Subject: 19th Century Antique Cartography. North America.
Publication: Madrid, 1801.
Technique: Copperplate engraving, boundary lines colored with watercolor from the period.
Measurements: 38 x 41 cm (plate) 38.5 x 50 cm (paper)
Description: Meridian of origin: Hierro. - Graded margins. - Meridians and parallels drawn forming a grid. - Relief by profile mountains. - Hydrographic network. - Toponymy. - Political division differentiated by color line. - Coast marked with fine hatching.
López, Juan. Madrid, 13.I.1765 – 16.XII.1825. Royal geographer, cartographer, map editor and engraver, archivist of the Geographical Cabinet.

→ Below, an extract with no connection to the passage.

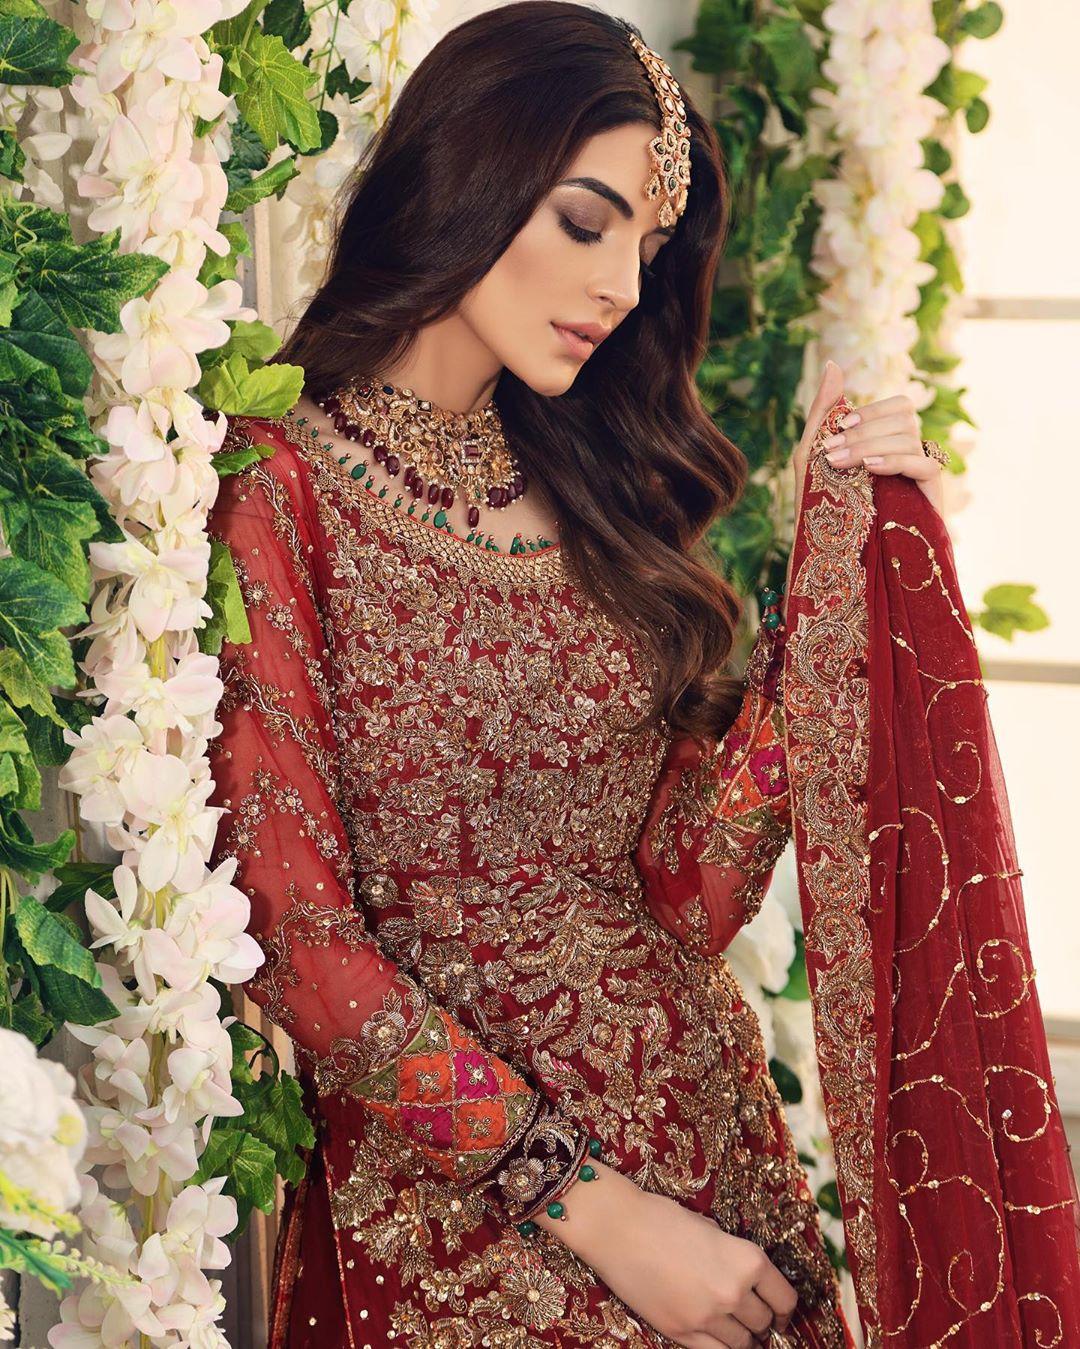 Latest Birdal Photoshoot of Sadia Khan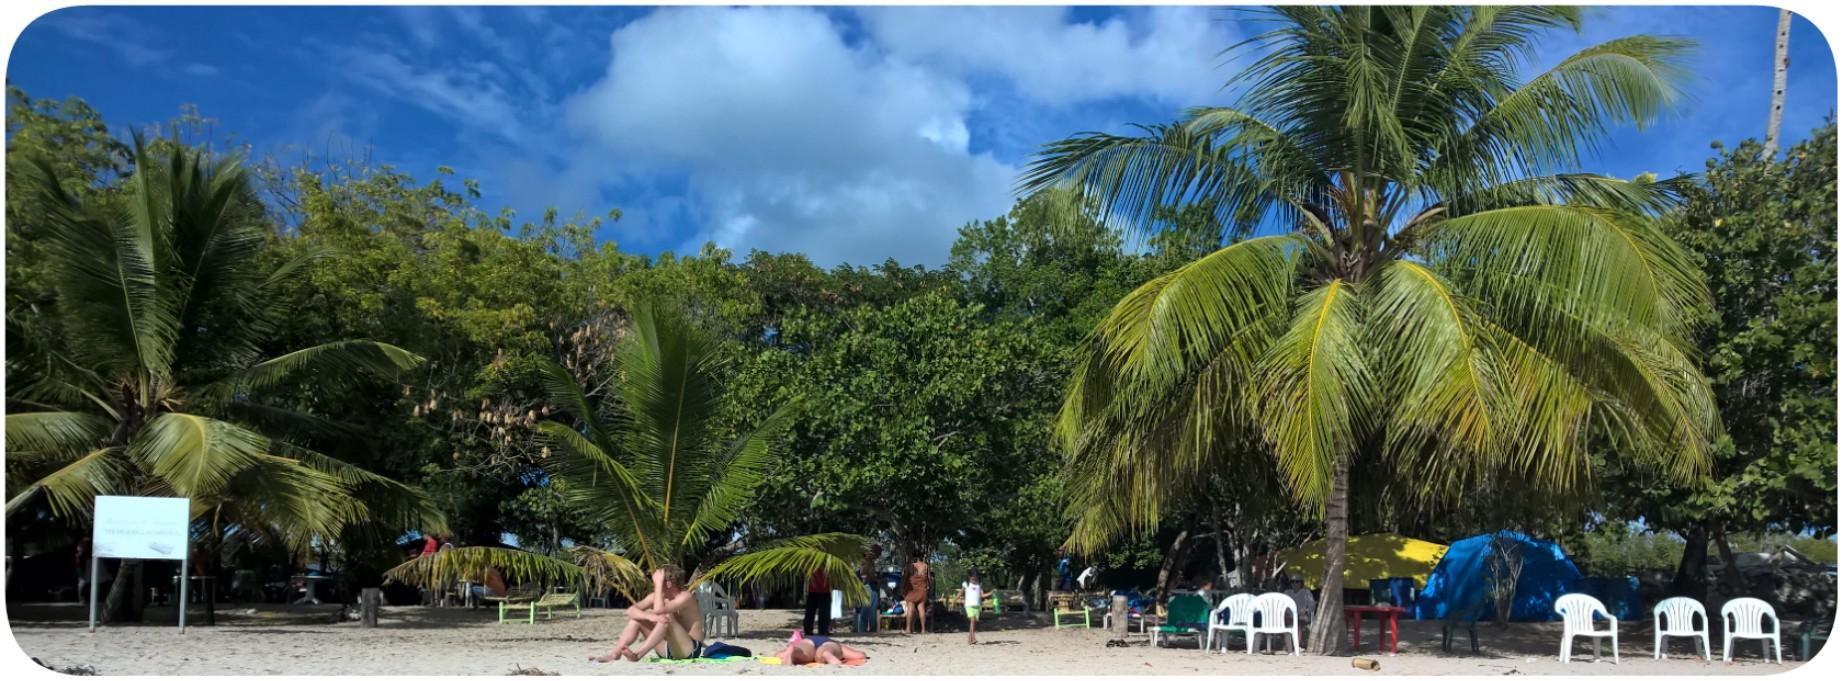 Folge335_ Dominikanische Republik

Juan López was baptized in the church of Santa Cruz in Madrid. He was the son of Tomás López de Vargas y Machuca and María Luisa Gosseaumé y Doré, and the elder brother of Tomás Mauricio. Both brothers, especially Juan, were educated to continue their father's cartographic work. Juan studied Grammar and Geography, and obtained a royal pension to train in Humanities and in Greek, English, French, and Italian languages. For two years he studied Mathematics with Antonio Rosell at San Isidro el Real, and the Monarch ordered him to apprentice with his father "in the geographical career." In 1780 he published his first cartographic works and signed as "pensioner of His Majesty." The following year he began to appear as an author alongside his father on some maps, and he joined the Royal Sevillian Academy of Belles Lettres as an honorary academician (October 26, 1781). By letter from the Marquis of Narros, secretary of the Royal Basque Society of Friends of the Country to his father (around 1784), in which he thanks him for the gift of his son's map of the island of Santo Domingo, it is known that he would be admitted as a member of that Society, in the professor class. In 1785 he joined the Royal Society of Friends of the Country of Asturias. From that year on, he and his father announced their works in printed catalogs, which were sometimes included at the end of their books: Catalog of the geographical works and maps made by Don Thomás López, Geographer of the domains of H.M. and by D. Juan his son, Pensioner of the King.